- Education: University of California, Los Angeles
- Known for: Sexual violence Effects of pornography
- Awards: 1987 John Kendall Award for contributions to psychology from Gustavus Adolphus College
- Scientific career
- Fields: Evolutionary psychology
- Institutions: University of California, Los Angeles
- Thesis: A Systematic analysis of the relationship between group shifts and characteristics of the choice dilemmas questionnaire (1975)
- Notable students: Bruce J. Ellis

= Neil Malamuth =

American psychologist

Neil Moshe Malamuth is a professor of psychology at the University of California, Los Angeles, known for his research on sexual violence and the effects of pornography on its viewers. He is a fellow of the American Psychological Association and the American Psychological Society.

== Education and early career ==
Malamuth earned his bachelor's, master's and Ph.d degrees in psychology at UCLA, where early research appointments at the Center for Computer-Based Behavioral Studies and training in behavior therapy grounded his career in experimental rigor and applied relevance.

== Academic career ==
After initial teaching and research posts at UCLA in the 1970s, Malamuth joined the University of Manitoba, serving as assistant and then associate professor of psychology.

He returned to UCLA in the early 1980s as a faculty member in Communication and psychology, and soon took on academic leadership as chair of the Communication Studies Program and of the Speech Department.

From 1991 to 1994, he was professor and chair of Communication at the University of Michigan, where he was also affiliated with the Institute for Social Research.
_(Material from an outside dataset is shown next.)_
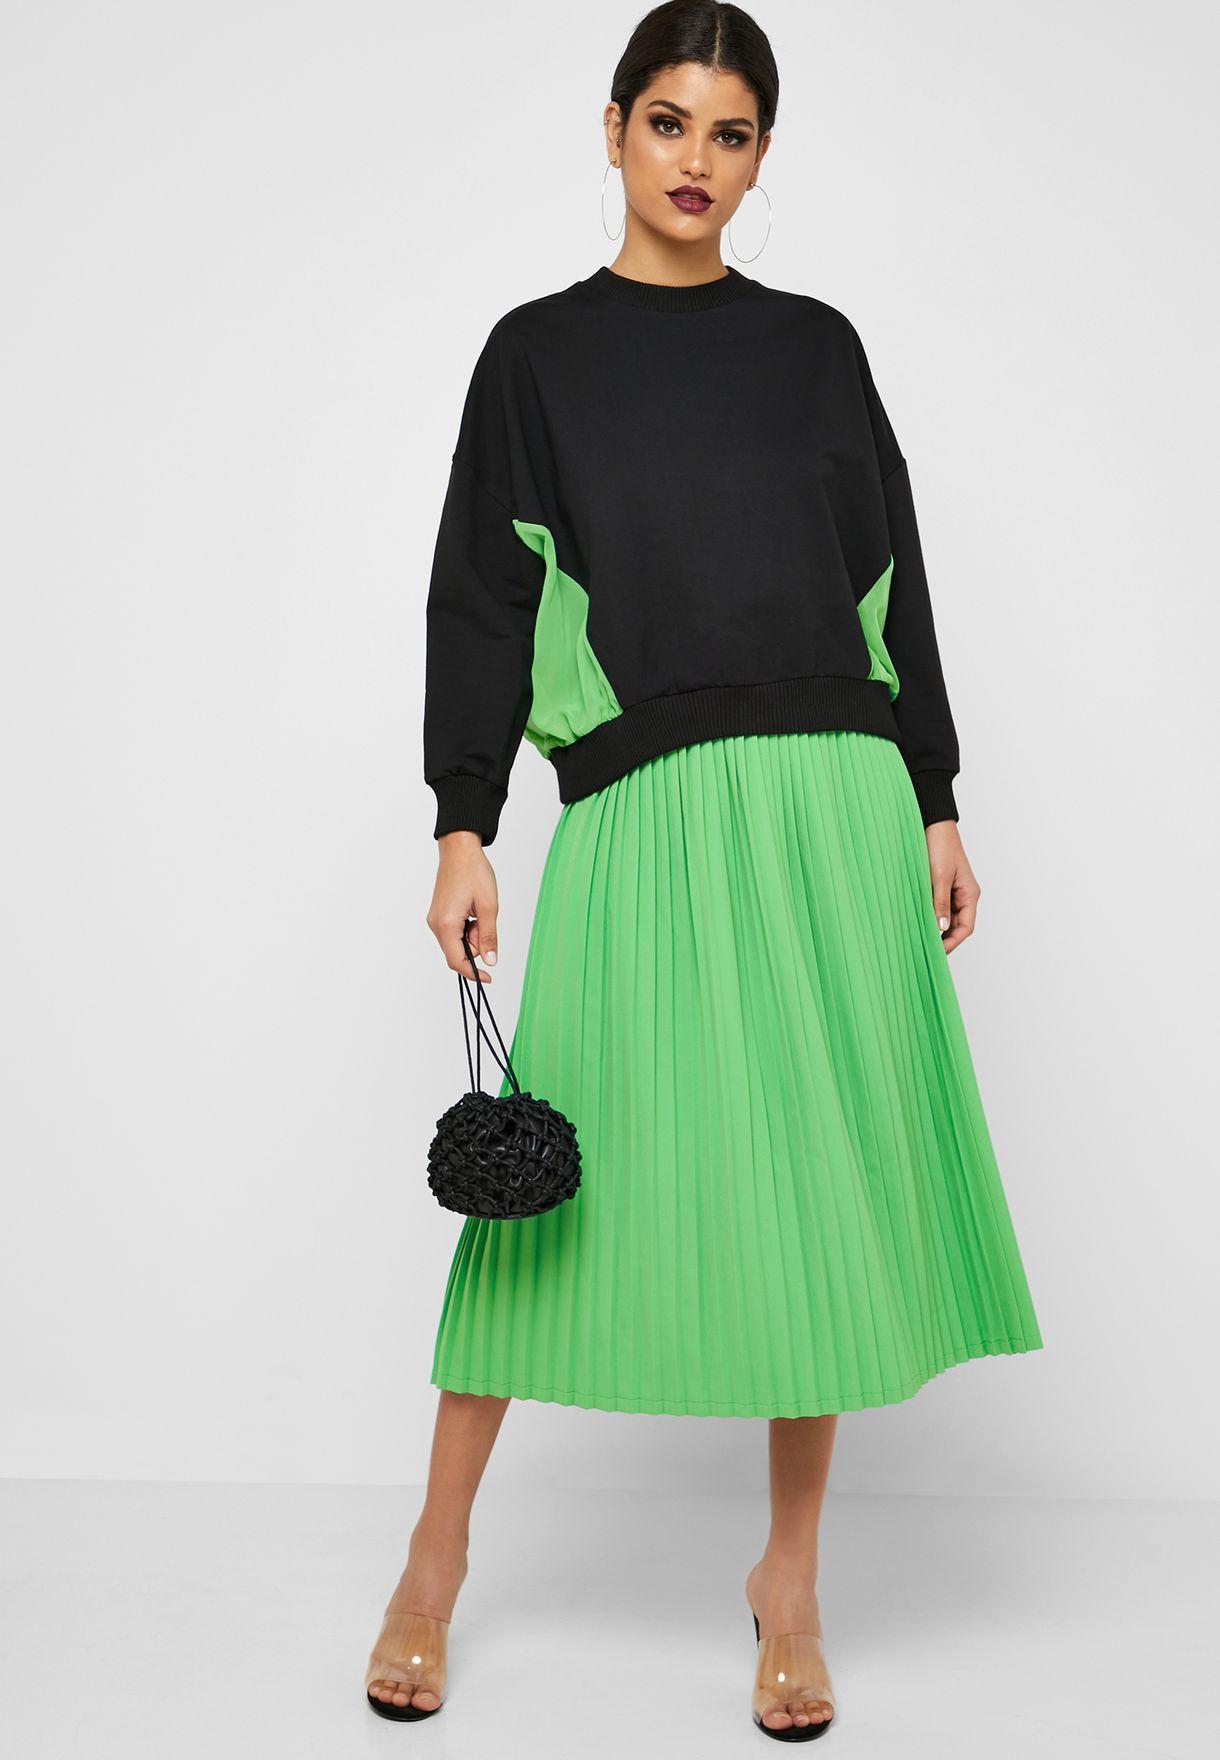 90b5728a40 Shop Anotah green Pleated Skirt 18AWSKI-E82183 for Women in UAE ...

He rejoined UCLA in 1994 and remained there through the rest of his career, chairing Communication Studies for more than a decade and holding affiliations with the Center for the Study of Women and the UCLA Center for Society and Genetics.

== Research ==
Malamuth is known for the Confluence Model of sexual aggression. The model identifies two primary risk pathways: hostile masculinity, marked by distrust, dominance, and hostility toward women, and impersonal sexuality, characterized by emotionally detached, promiscuous sexual behavior, and shows that their interaction sharply elevates the likelihood of sexually aggressive conduct. In subsequent studies, he and collaborators demonstrated that secondary influences such as pornography exposure, peer norms, substance use, and low empathy tend to heighten risk primarily among men who are already high on the two core traits.